[Opening INPUT DATA section]
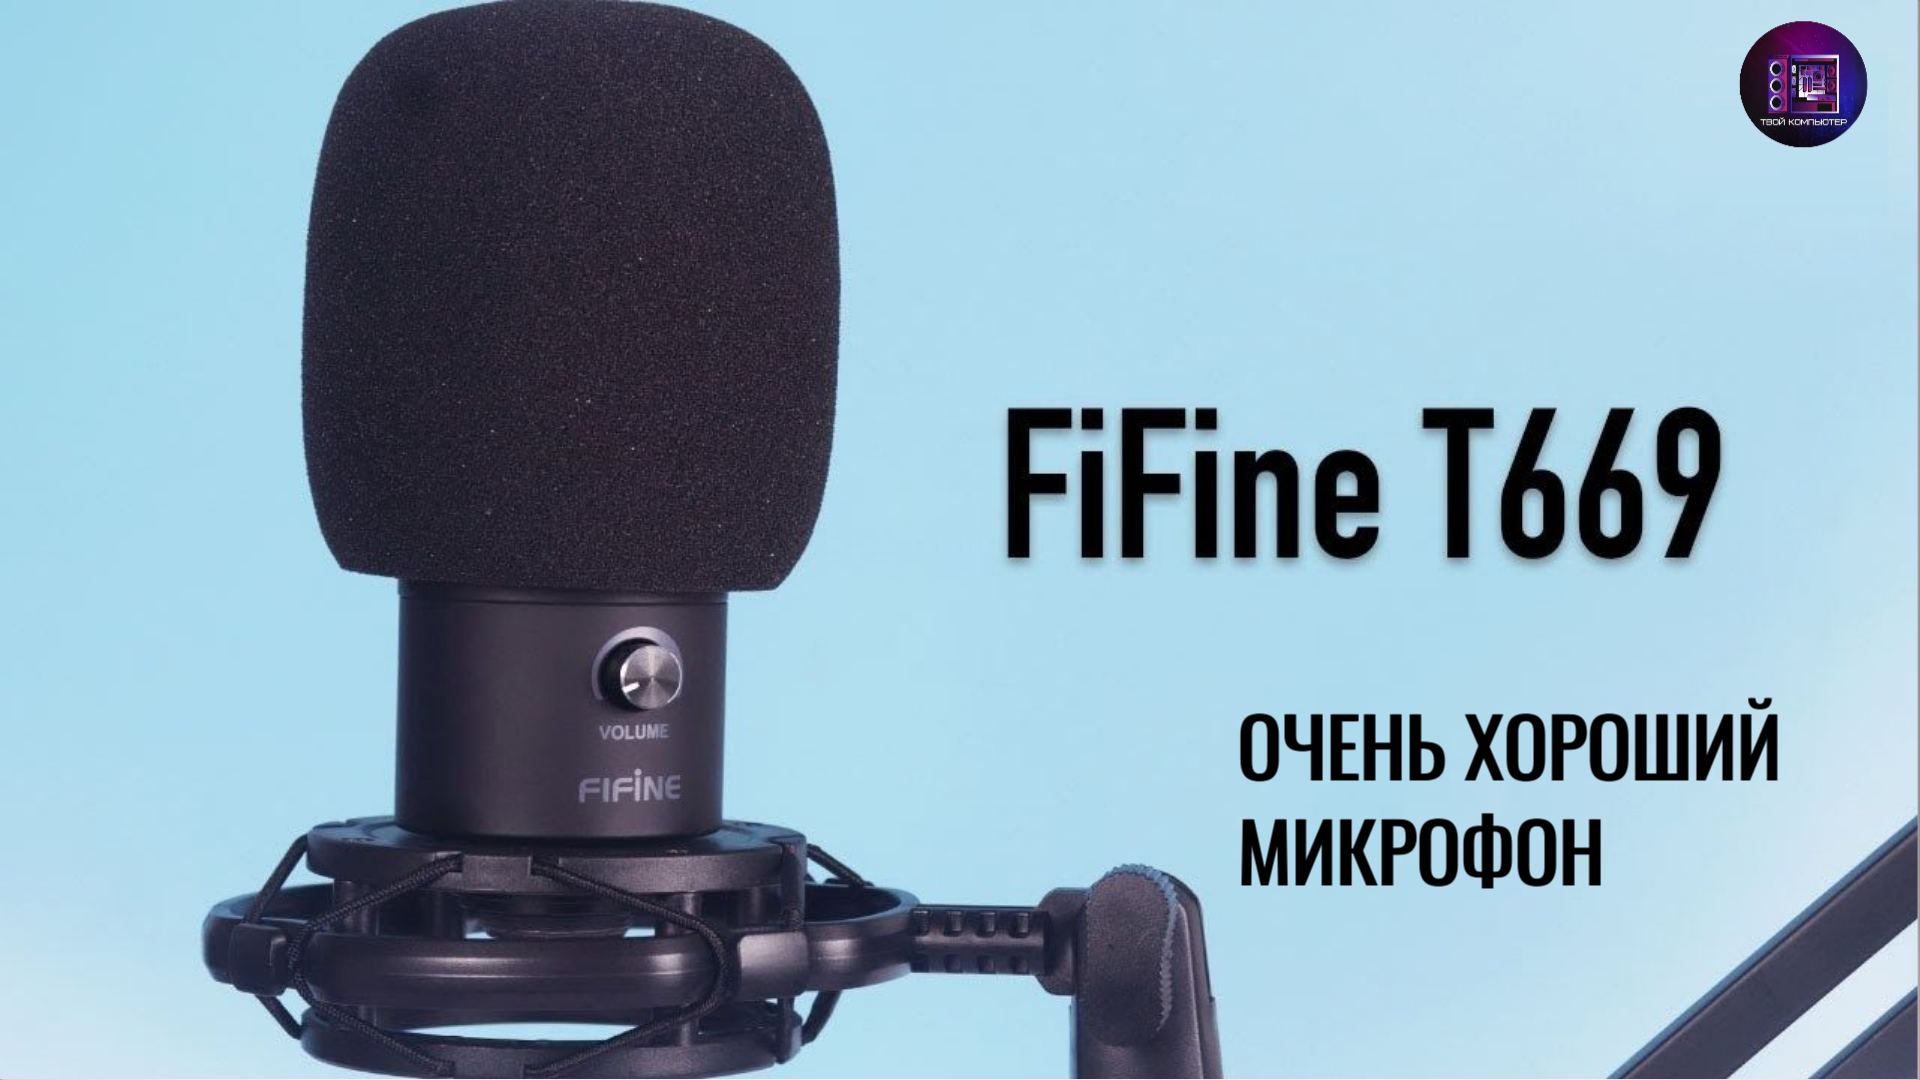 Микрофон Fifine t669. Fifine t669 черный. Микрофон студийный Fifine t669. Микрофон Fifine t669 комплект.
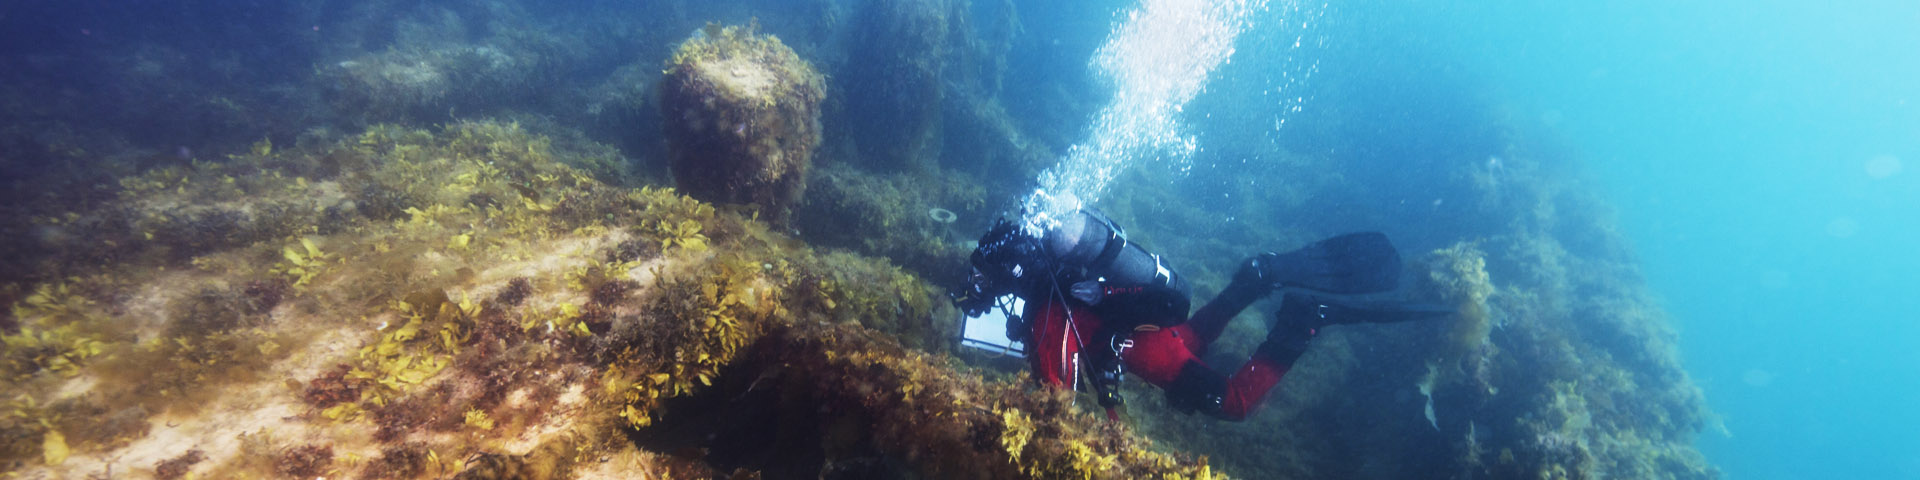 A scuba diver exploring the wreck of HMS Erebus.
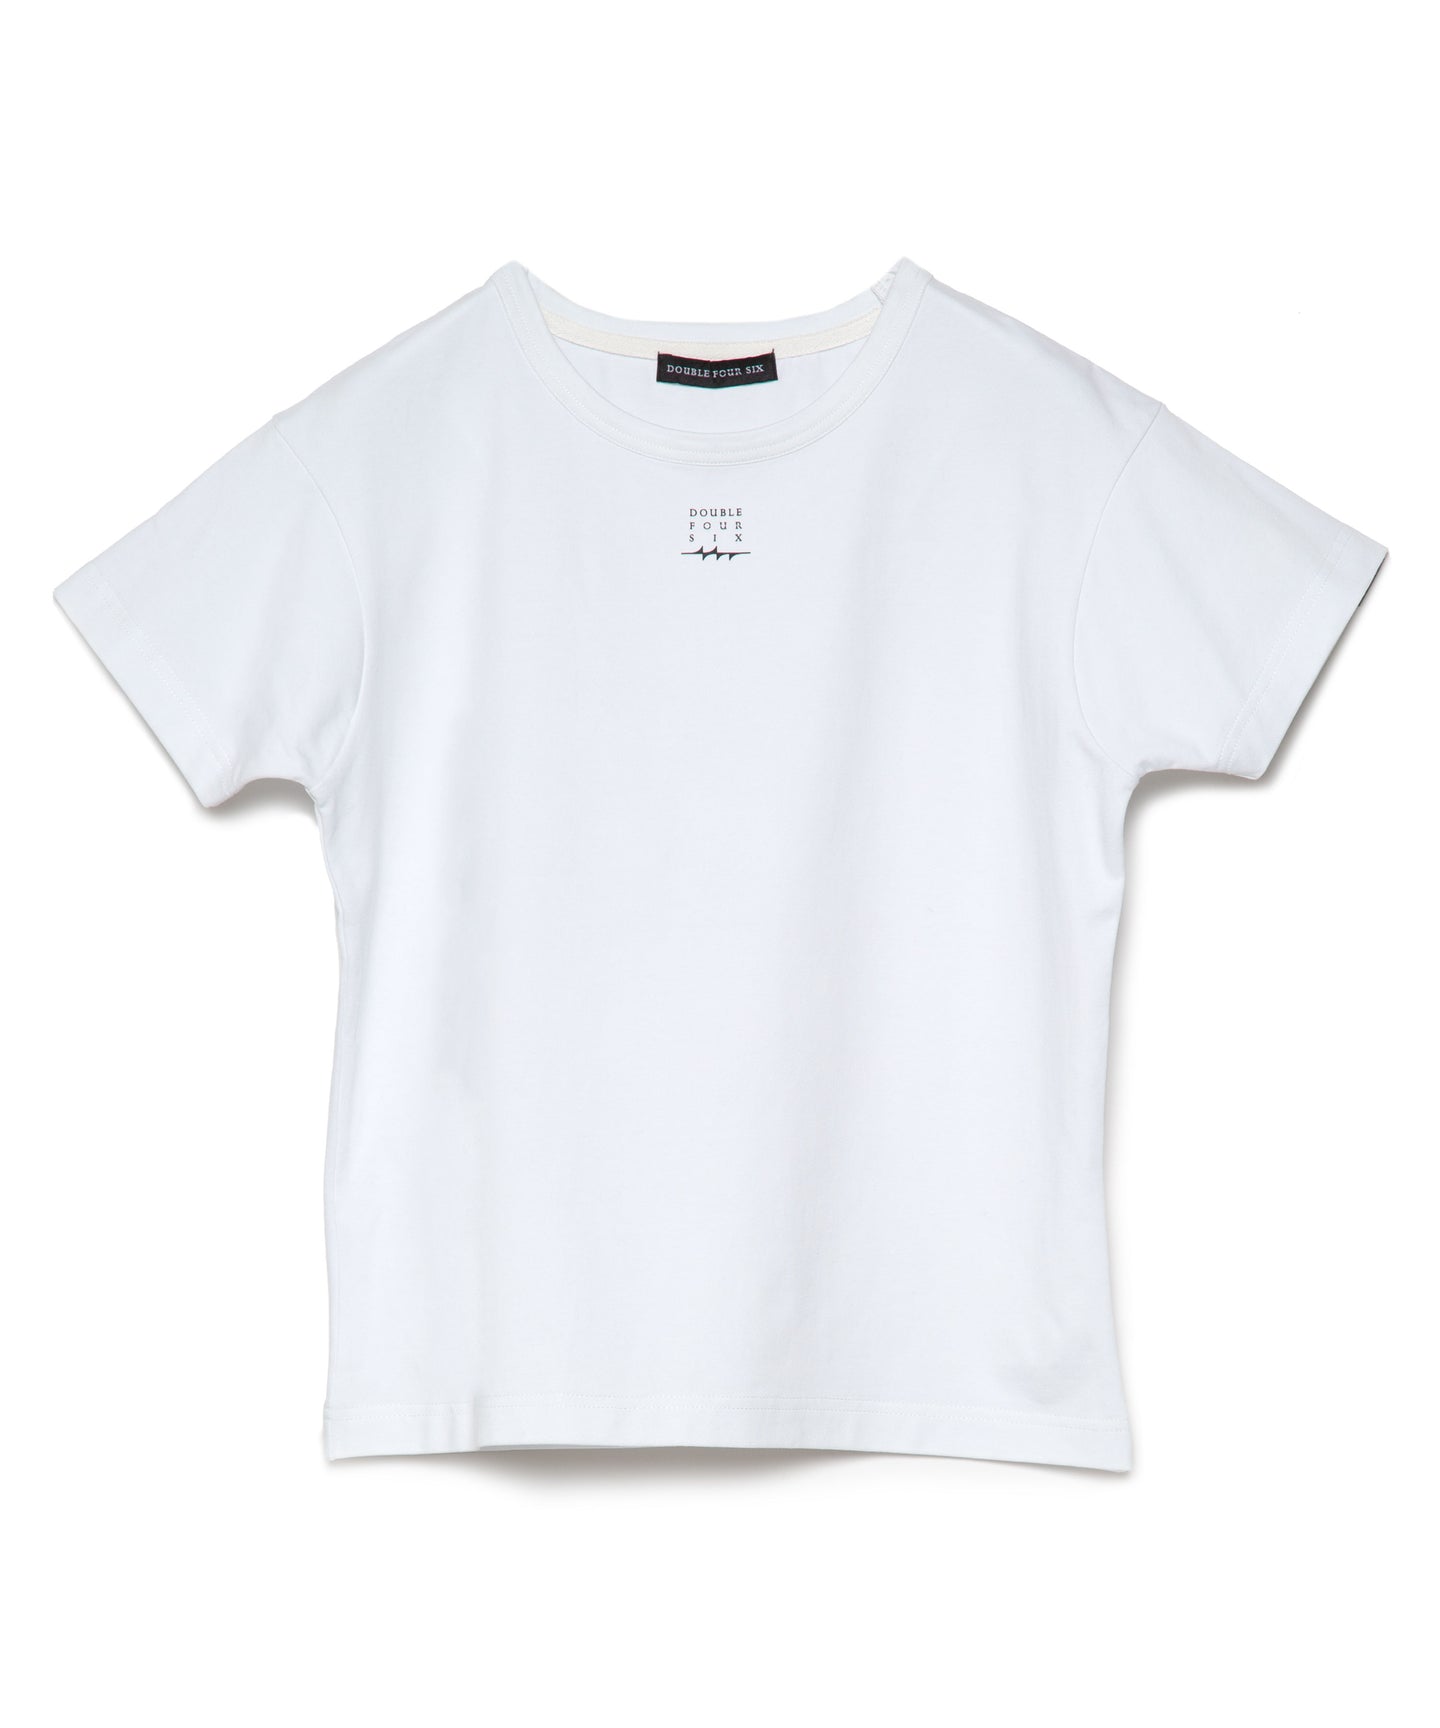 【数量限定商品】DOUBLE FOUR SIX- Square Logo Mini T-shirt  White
[Closing INPUT DATA section]
__WHAT THE TASK REQUIRES__. Output precisely the lines in the material above from the line containing "A scuba diver" through its last line, and omit pictures.

__OUTPUT OF THE TASK__.
 A scuba diver exploring the wreck of HMS Erebus.
 【数量限定商品】DOUBLE FOUR SIX- Square Logo Mini T-shirt  White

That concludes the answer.